From the time I was a kid growing up on a farm in Nebraska, I was taught not to notice or comment on racial difference – to be “color-blind.” Not calling attention to differences was the way white people like me showed that we believed in equality – you are just like me. I carried this with me into college at Stanford. I already felt out of place among the students there. There weren’t many farm kids like me on campus. But then I met my roommate, Kenneth, who is black. It was there that I first realized that color-blind wasn’t the reality for Kenneth, and it shouldn’t be for me, either.

Over time, I began to see just how deeply rooted the idea of “color-blindness as goodness” is in our society. As I dug deeper into my work as a philanthropist, I met and worked with colleagues and partners who pushed my thinking, and had many conversations around the dinner table with my family that further pushed my perspective.

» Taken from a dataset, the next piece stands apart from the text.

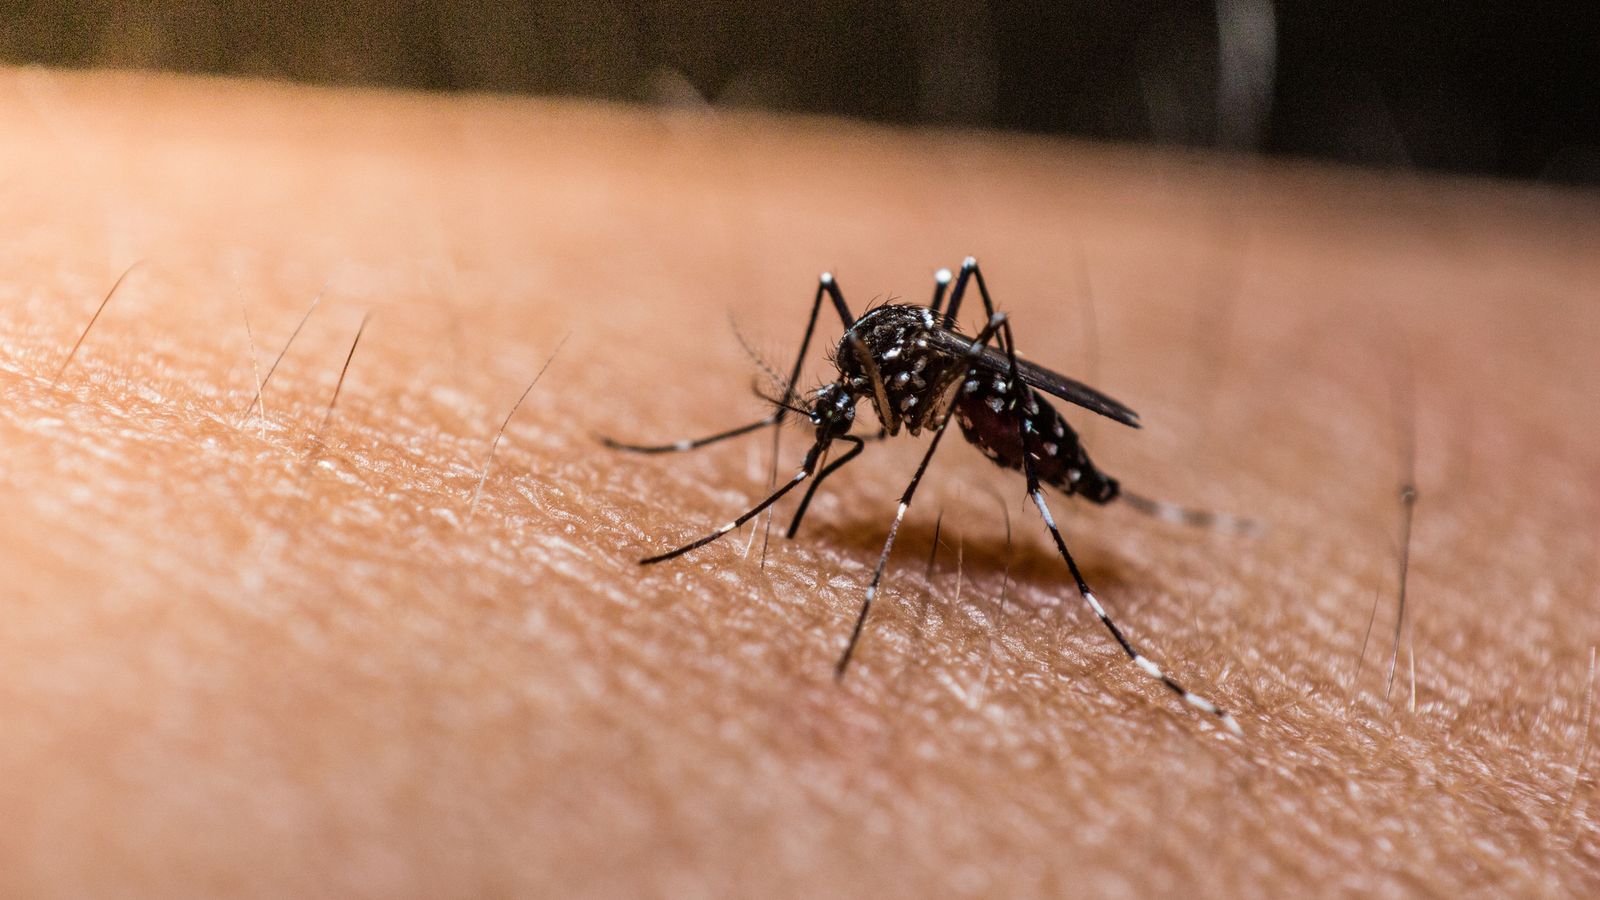 Cheap malaria vaccine developed with help of Oxford scientists approved for global rollout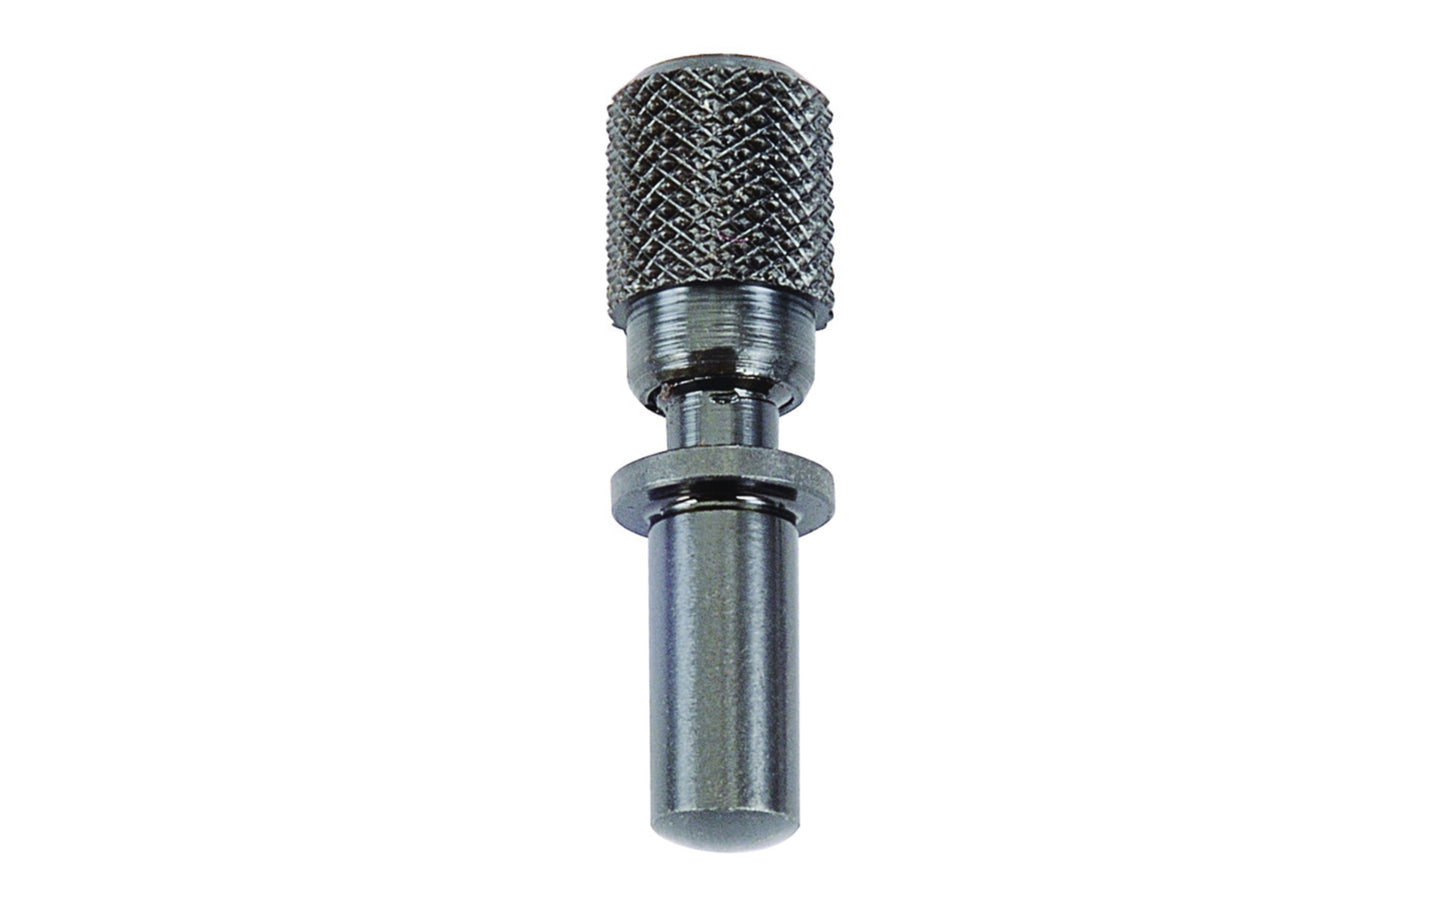 Starrett 657Y Indicator Attachment. Starrett 1/4" (6.3mm) O.D. one end, other end threaded and fits lug backs of all AGD indicators (Starrett Series 81, 25, 655, 656) and Series 80 Miniature Indicators. Indicator Attachment. 049659527650.   Made in USA.

One of the people I have learned from is Darren Walker, the president of the Ford Foundation and the person I will share the stage with at the Aspen Ideas Festival. We started life in dramatically different places. He, a poor, black, gay man in the south. Me, a white, straight, middle class man in Nebraska. But we’ve ended up in similar places – leading foundations trying to reverse inequities. It’s hard to do. But I think one of the reasons it is so hard is that our society still aspires to color-blindness.  As Darren said to me recently, “color-blind is a cop out.”